2 SUSTEIN, Cass. E. Constitutional Personae. Nova Iorque: Oxford University Press, 2015. Chapter One, Heroes. Como se trata de um livro em formato epub, as páginas não estão especificadas, variando conforme o tamanho da resolução.
3 Op.cit. o espaço da coluna não permitiu a transcrição original em inglês.
4 Op.cit., idem.
5 Op.cit, idem.
6 “Devido aos efeitos da invalidação da segregação racial, Brown v. Board of Education é a típica decisão heróica, e seu autor, Juiz Earl Warren, é típico Juiz Herói”. Op.cit., chapter One, Heroes.
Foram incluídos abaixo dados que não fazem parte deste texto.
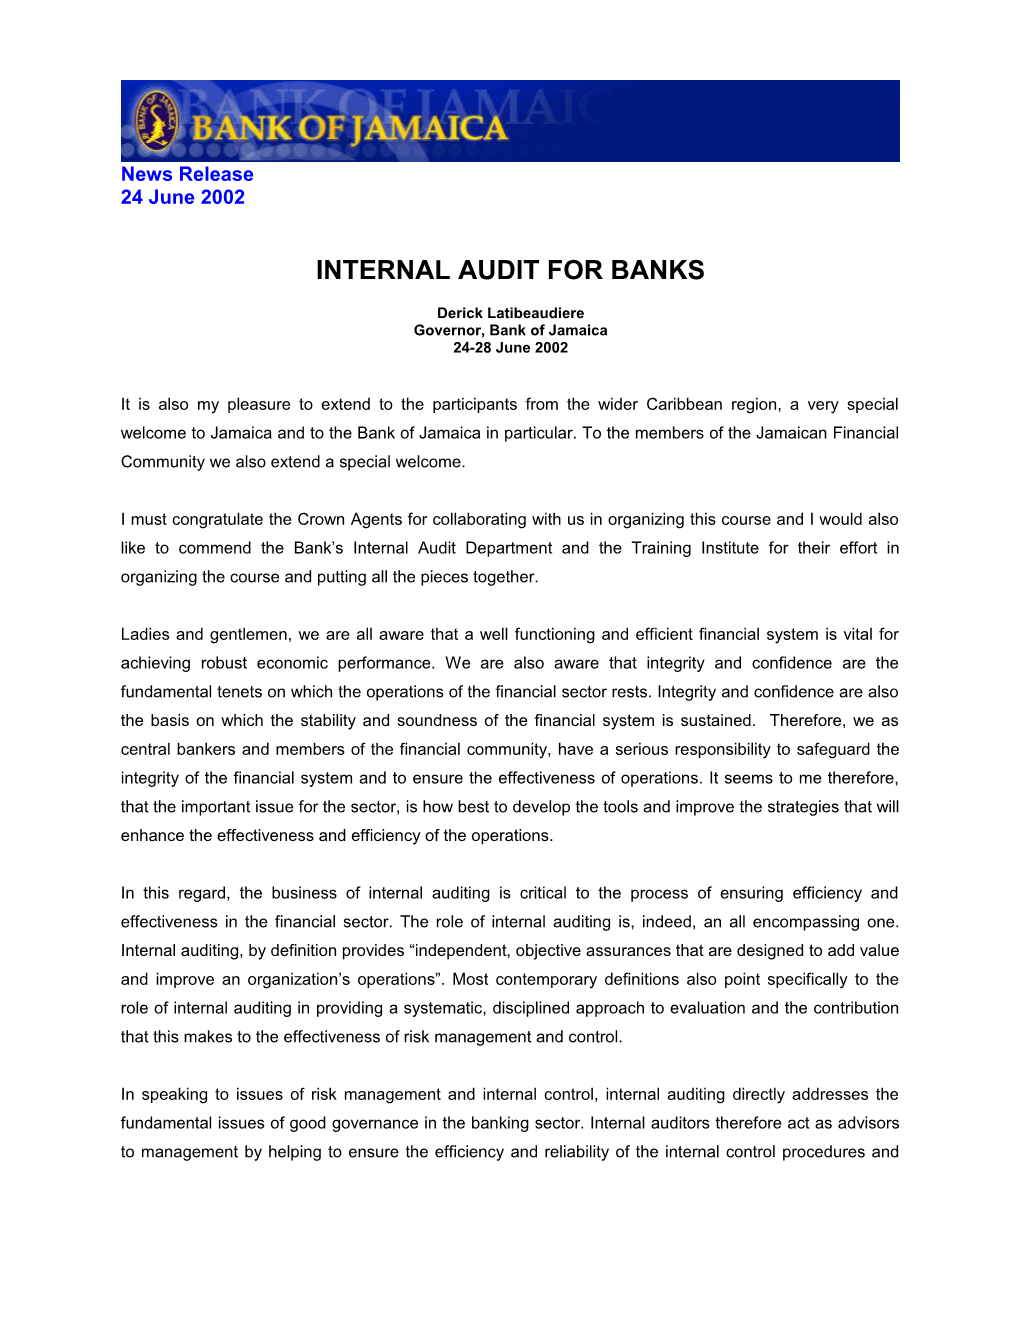 Internal Audit for Banks

7 SUSTEIN, op.cit, Closing Words, Rules of Attarction.
8 “Eu me posicionei em favor de um entusiasmo geral para o Minimalismo, no sentido de que o minimalismo é bem apropriado para as virtudes institucionais e limites do Judiciário. Mas o minimalismo não é uma teoria completa da interpretação, e dificilmente é uma abordagem para todos os tempos e todas as estações”. Closing Words, Rules of Attraction.